Last-second stop at the drug store for lube and condoms. Clerk said "So uhmmm...that's a done deal, huh?"
High five!
i was just outside smoking and i saw a hooker sing "i wish i knew who your daddy was" to her new born baby. someone explain to me why i ever left chicago to go to college...
i just made mint juleps with bourbon and fresh breath strips. i am the macgyver of alcohol.
Just an fyi, teatherball while wasted might be the hardest sport ever.
I keep waking up with the nagging feeling I gave him half a hand job through his shorts.
she said she was living bicuriously through me.
I have your dog in a headlock.

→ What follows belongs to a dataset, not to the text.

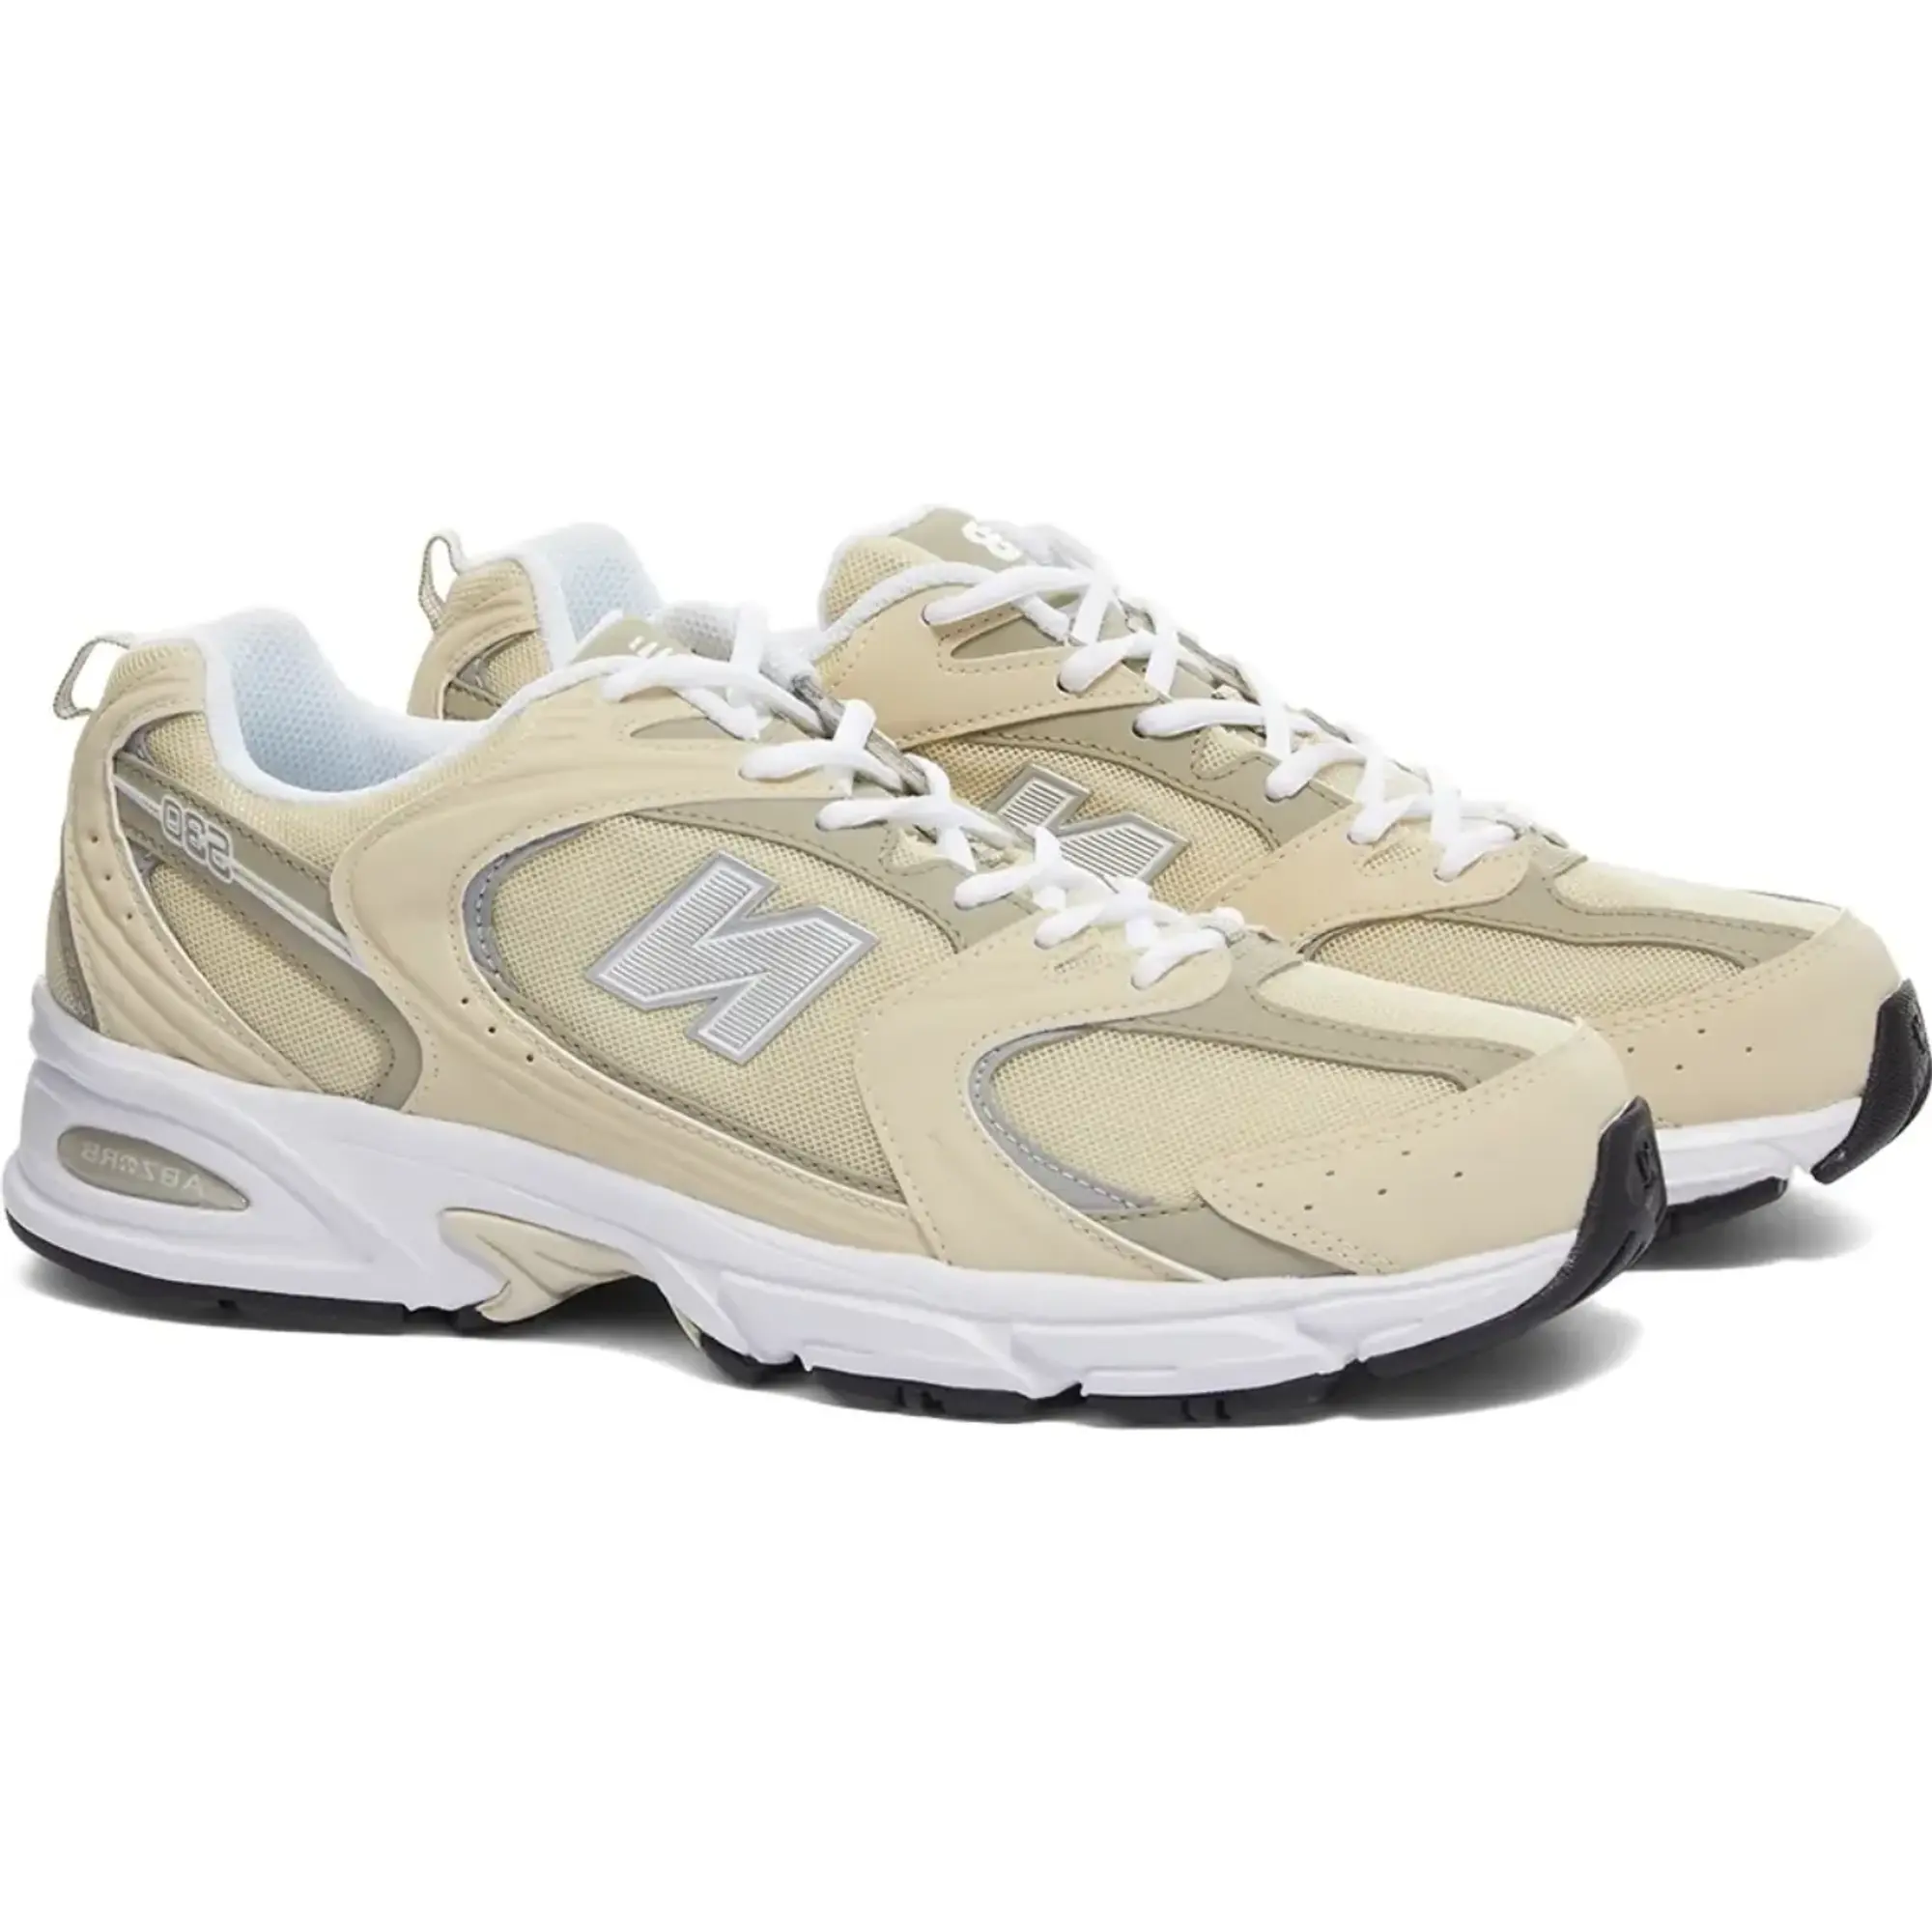 New Balance Mr530 Trainers Sea Salt Silver White,White,Blue,Grey,Multi,Pink,Natural

Se wants my mushrooms.
I was so proud to be driving sober that I wanted to get pulled over so I could tell the officer I hadn't been drinking.
He was dressed in a pink dressing gown feeding people ketamine from a plastic sword he called Excalibur. how was your Monday?
You know you gotta reevaluate your life when the first thought that comes to mind after you wake up is 'at least I'm still alive'
I have a boner in one of my pics with her which no one noticed.
I just drunk texted the Italian guy and now I’m flooded with Shane. Uh, shame, not Shane. He sounds nice, though.
All I remember is that I was trying to call my wolf pack by howling.
I am listening to my ipod while i puke, this is most entertaining hangover i have ever had.
I don't care. It's wine Wednesday get your gameface on.